Material for this exercise:
■ ■ ■ ■

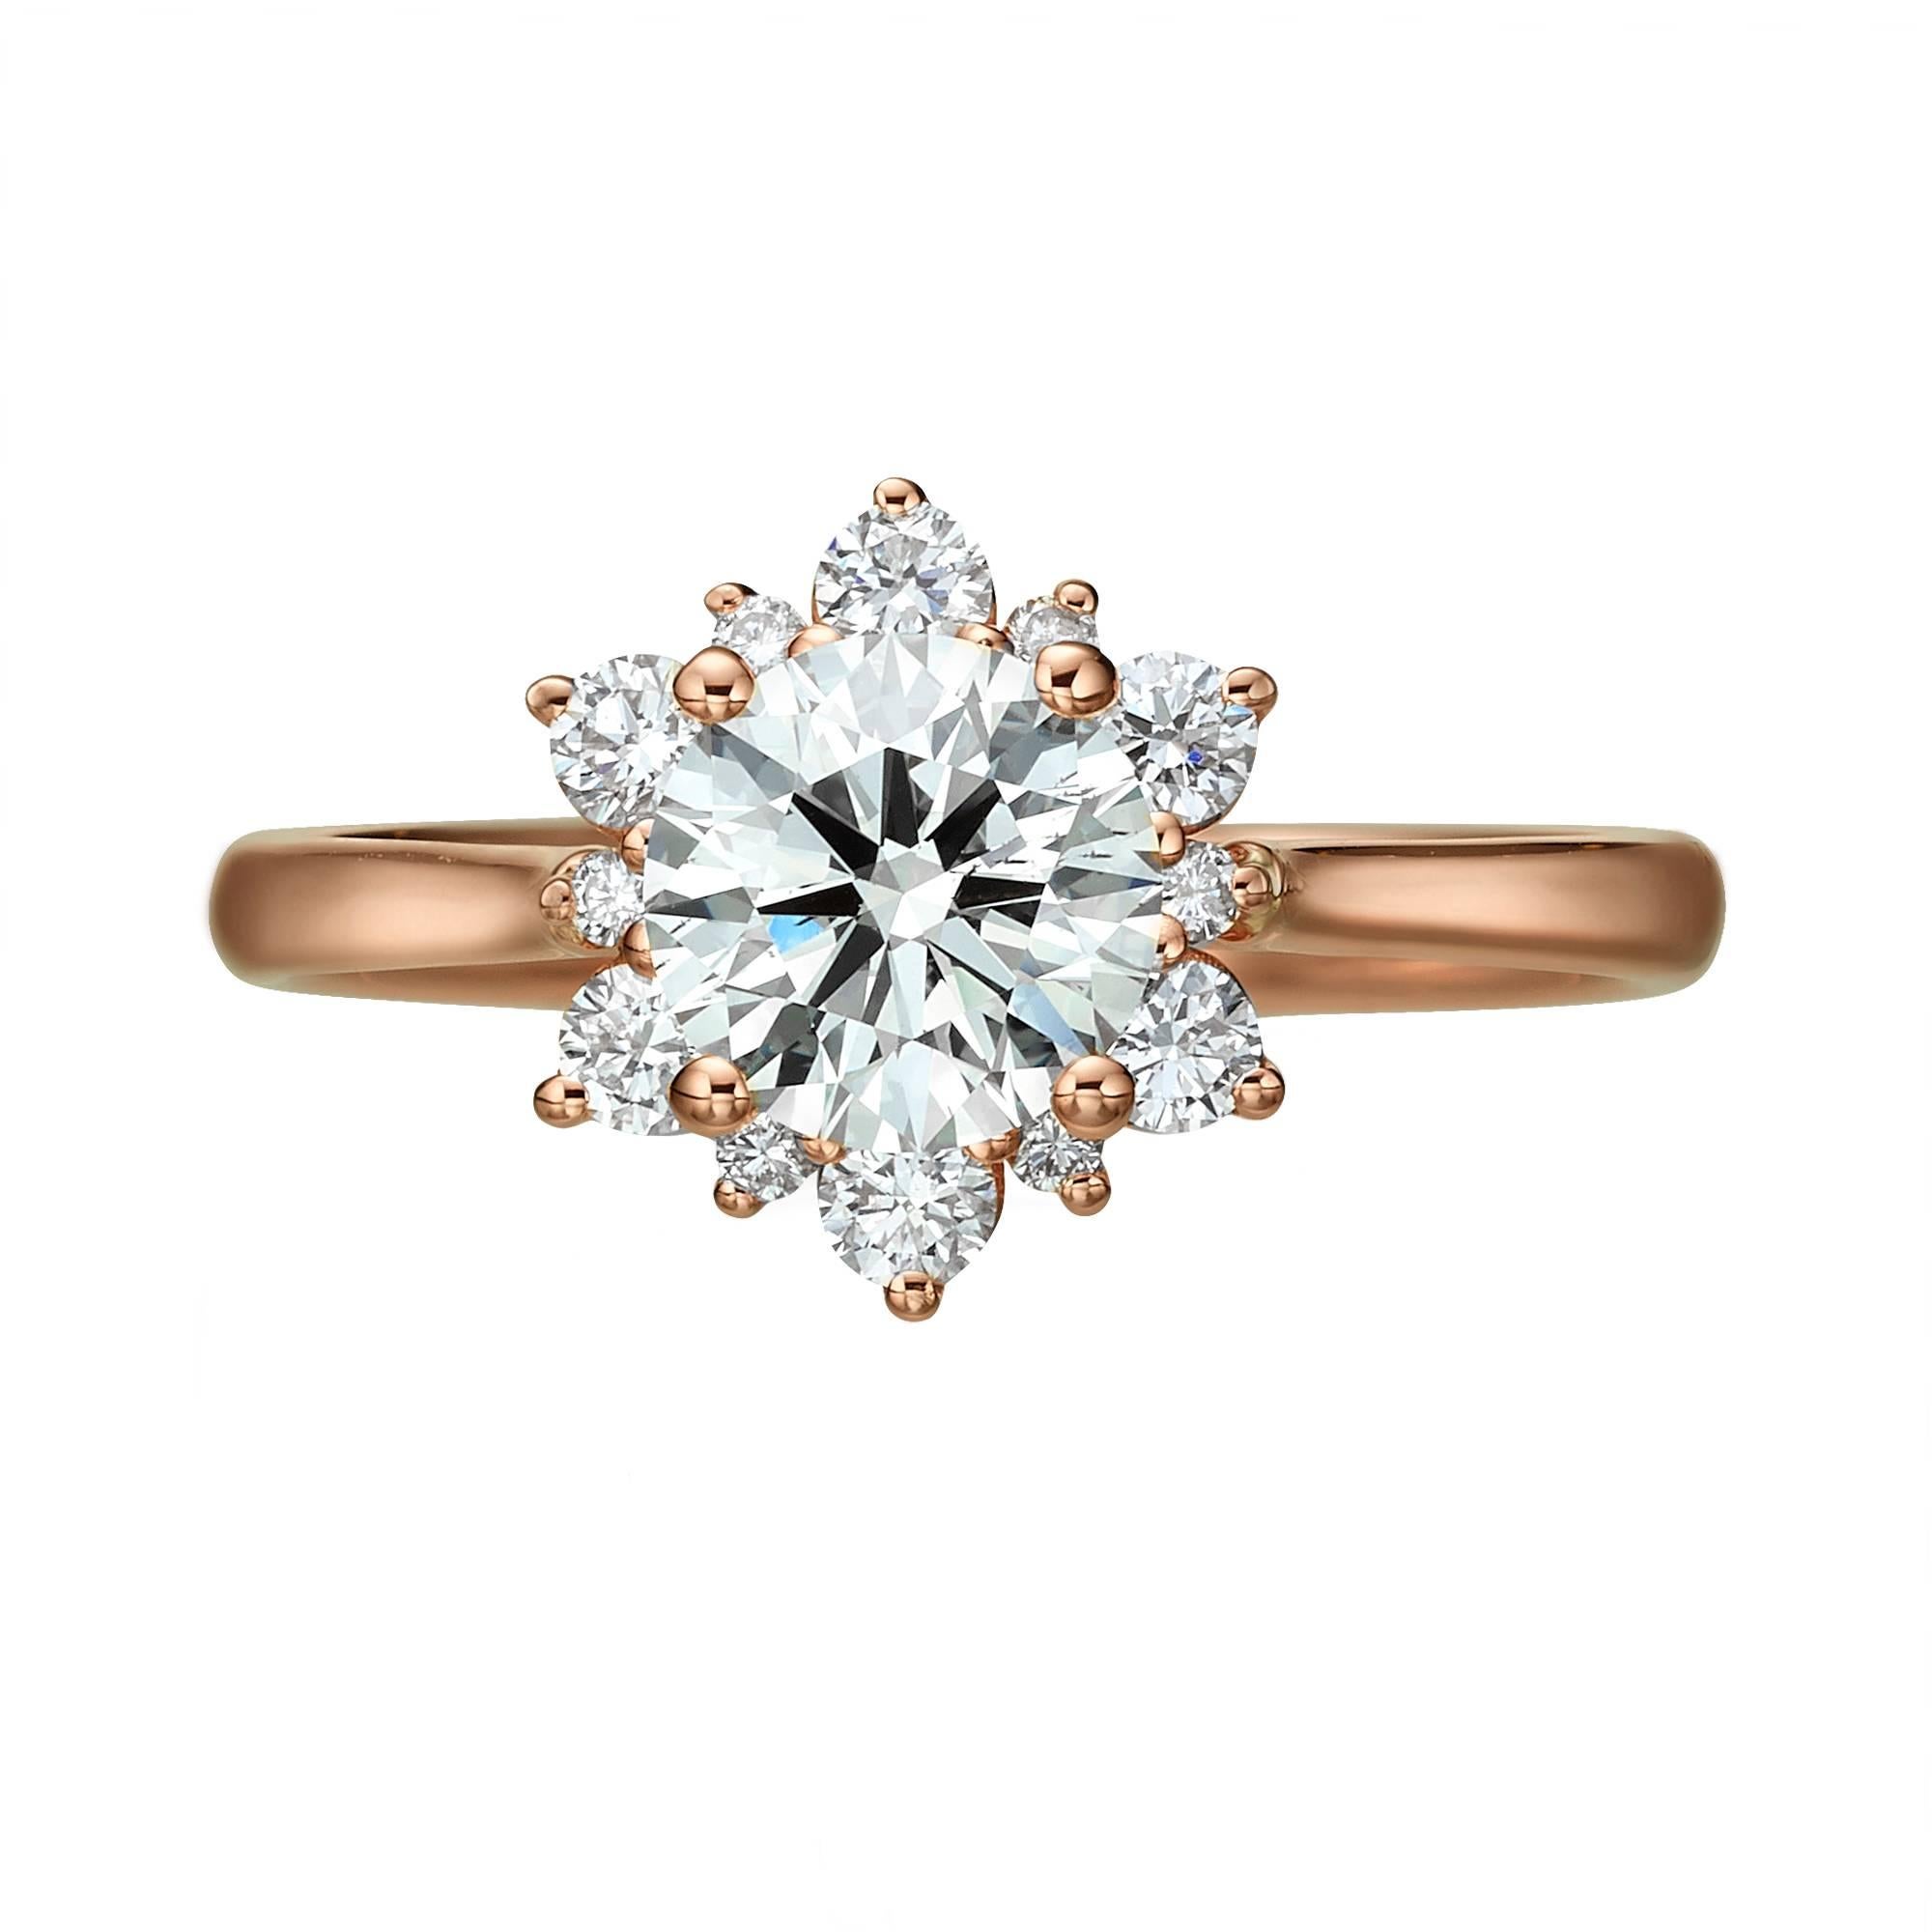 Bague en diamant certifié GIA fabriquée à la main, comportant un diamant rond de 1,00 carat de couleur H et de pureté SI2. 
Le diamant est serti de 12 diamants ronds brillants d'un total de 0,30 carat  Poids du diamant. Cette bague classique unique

■ ■ ■ ■

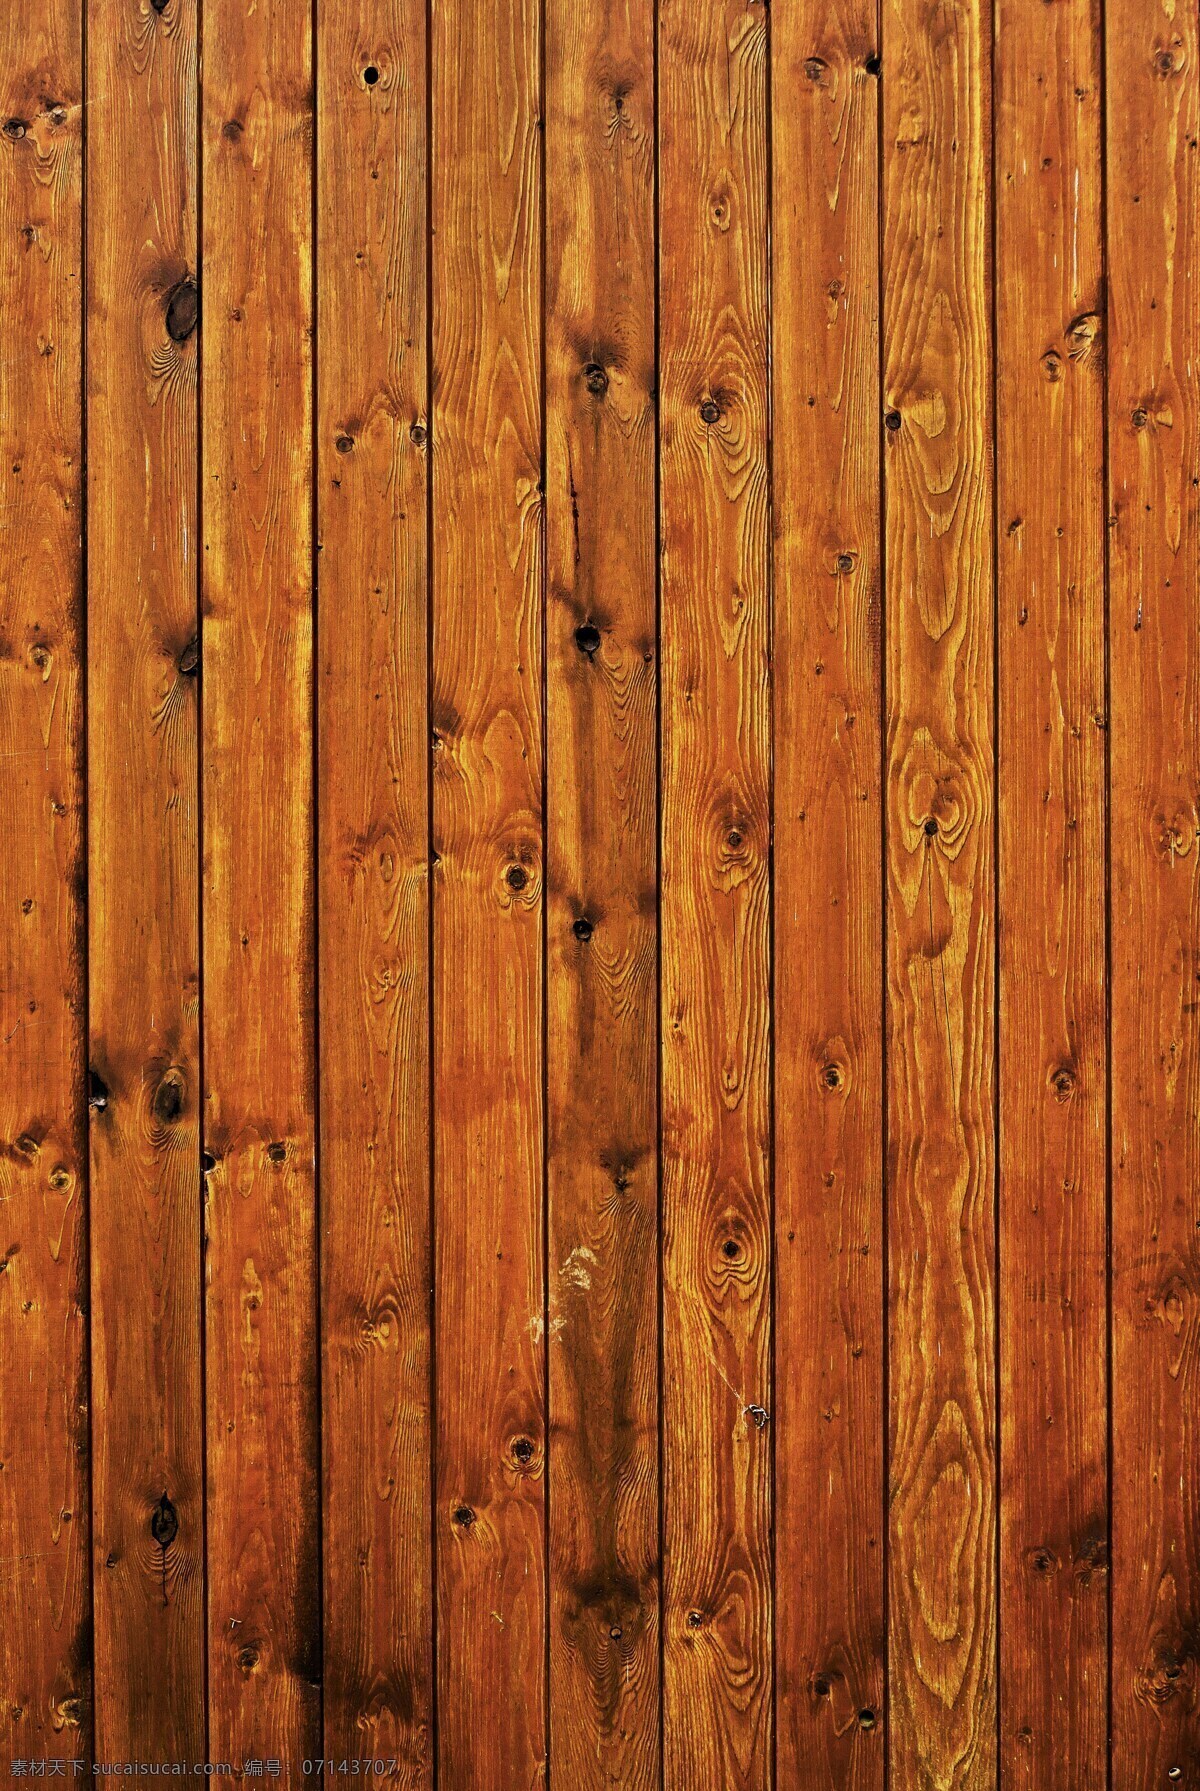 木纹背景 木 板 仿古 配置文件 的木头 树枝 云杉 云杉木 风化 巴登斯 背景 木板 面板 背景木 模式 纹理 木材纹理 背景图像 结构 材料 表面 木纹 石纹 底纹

■ ■ ■ ■

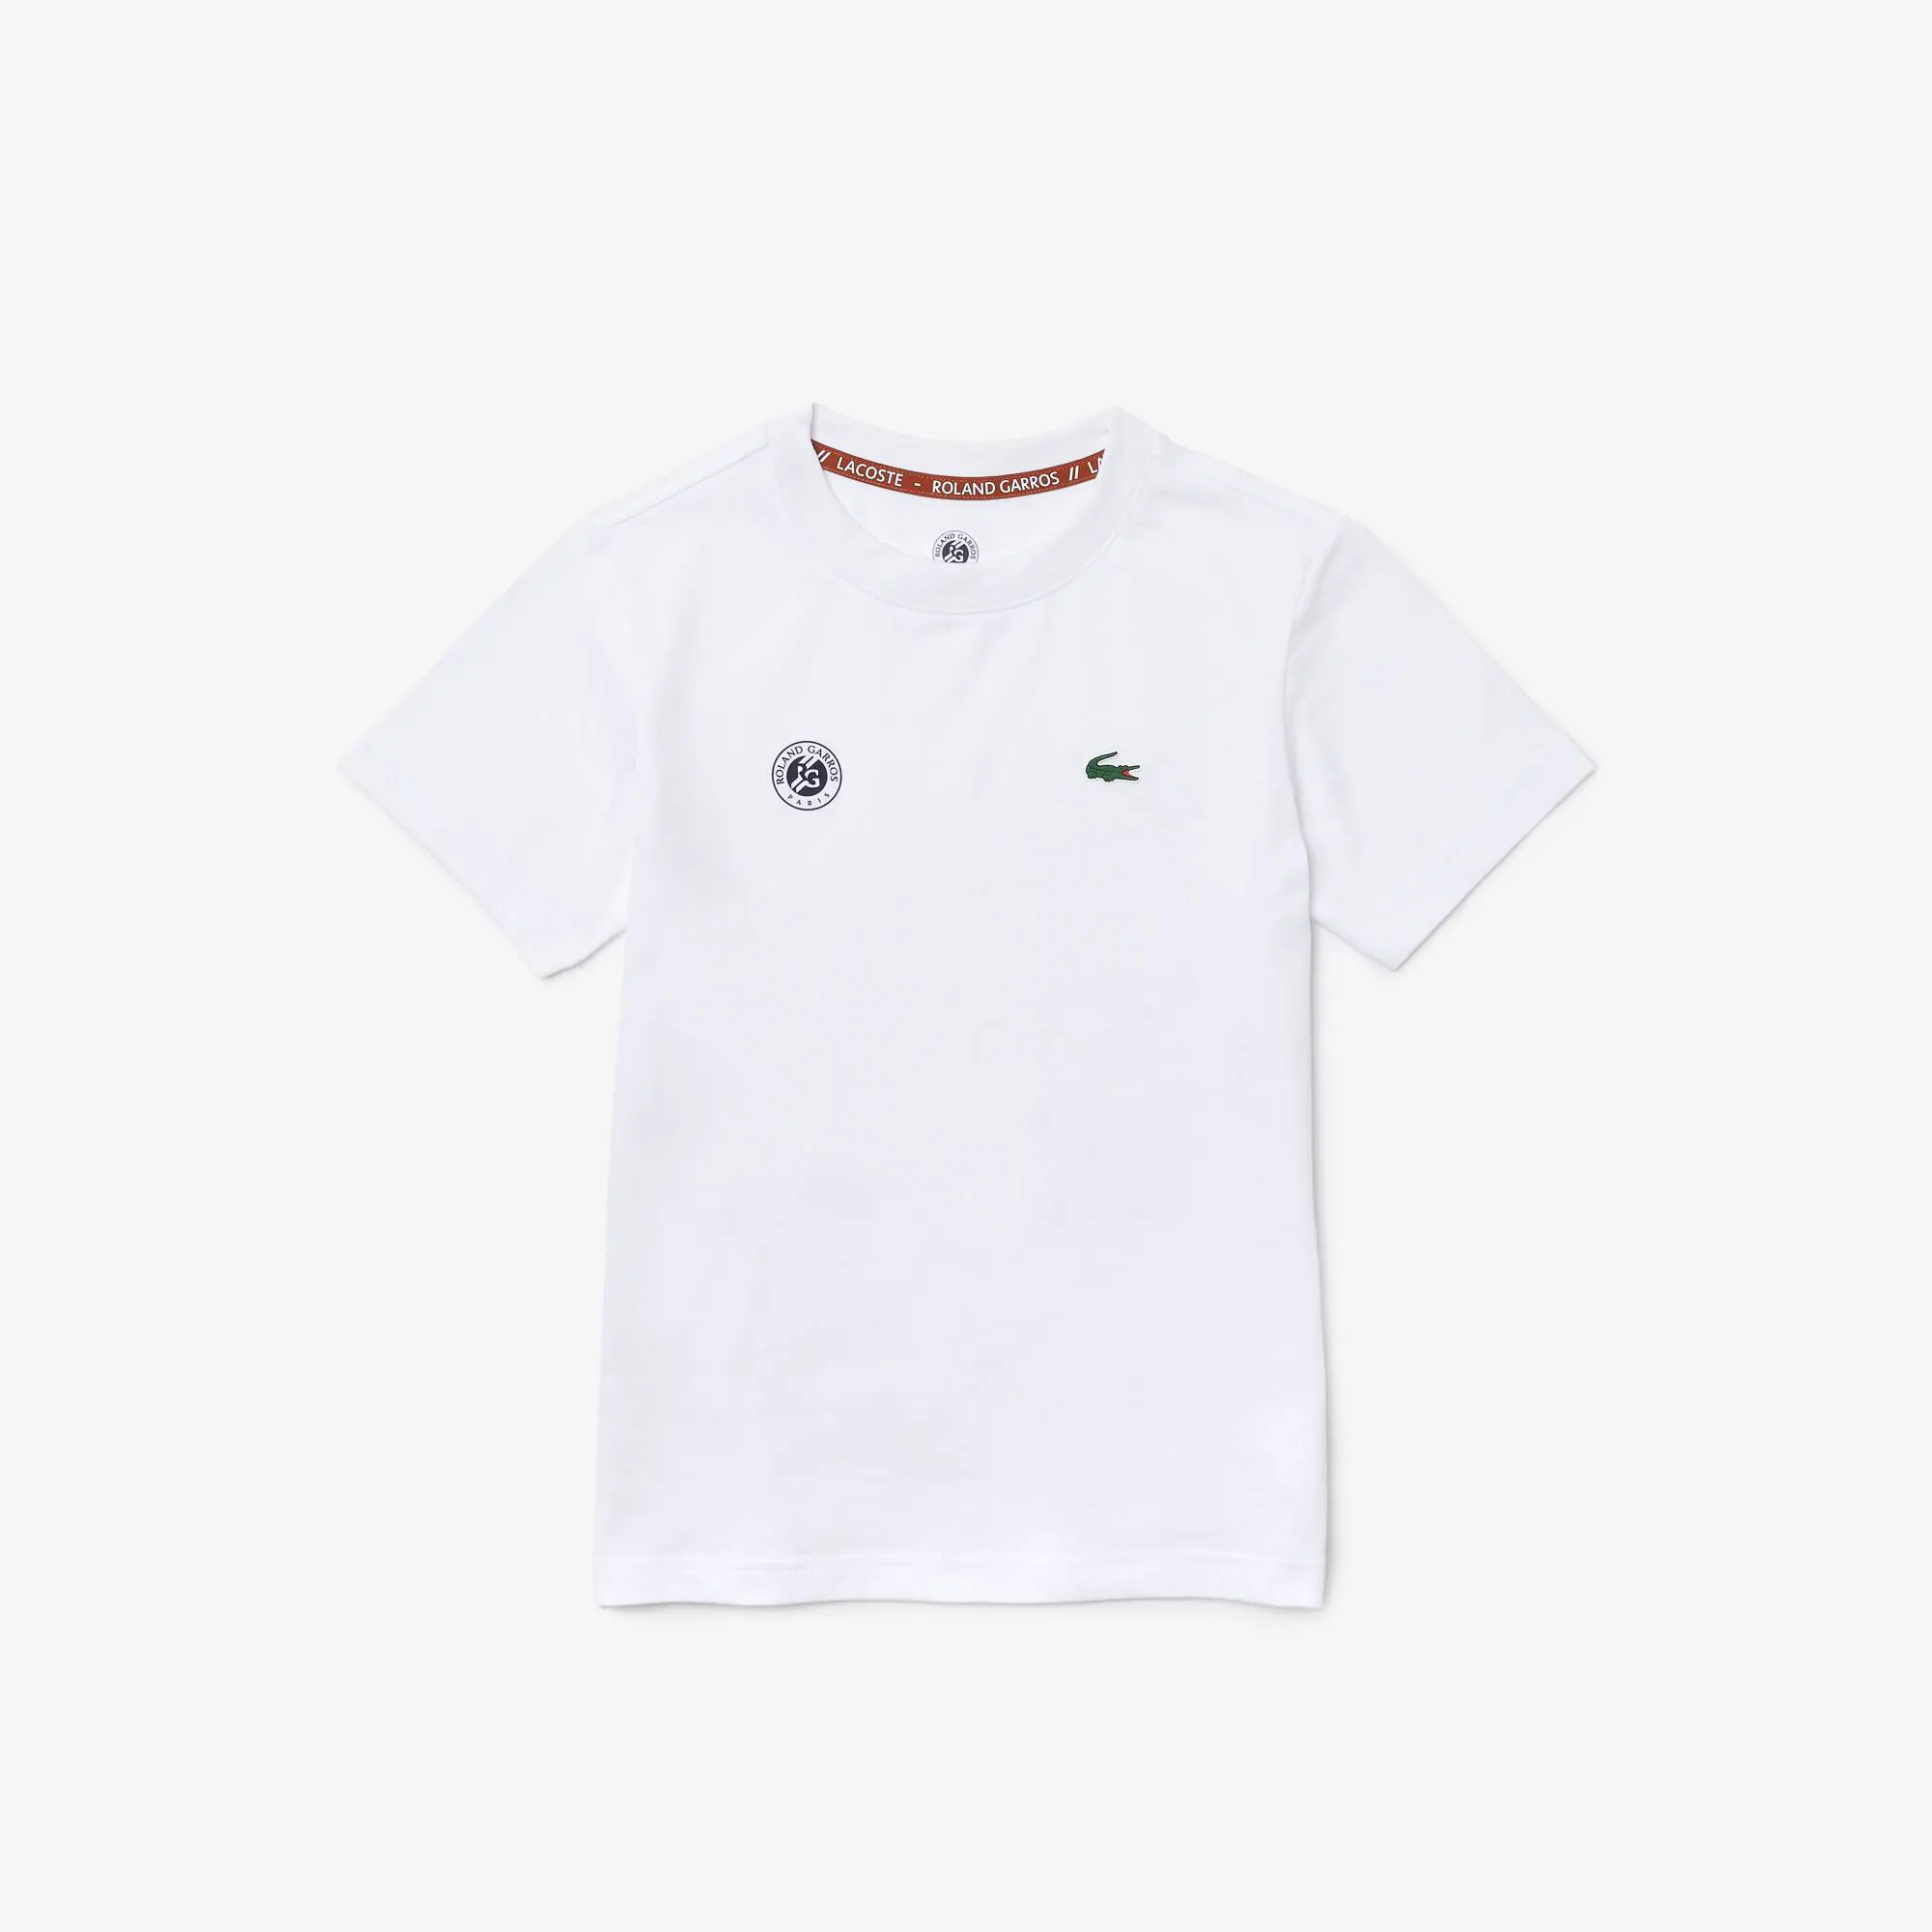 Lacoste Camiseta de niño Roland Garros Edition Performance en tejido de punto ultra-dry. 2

■ ■ ■ ■

Exercise description:
Write out exactly the run of lines above that starts at the line containing "Bague en diamant" and ends at the line containing "Le diamant est". Include both, and leave the pictures out.

Exercise result:
 Bague en diamant certifié GIA fabriquée à la main, comportant un diamant rond de 1,00 carat de couleur H et de pureté SI2. 
Le diamant est serti de 12 diamants ronds brillants d'un total de 0,30 carat  Poids du diamant. Cette bague classique unique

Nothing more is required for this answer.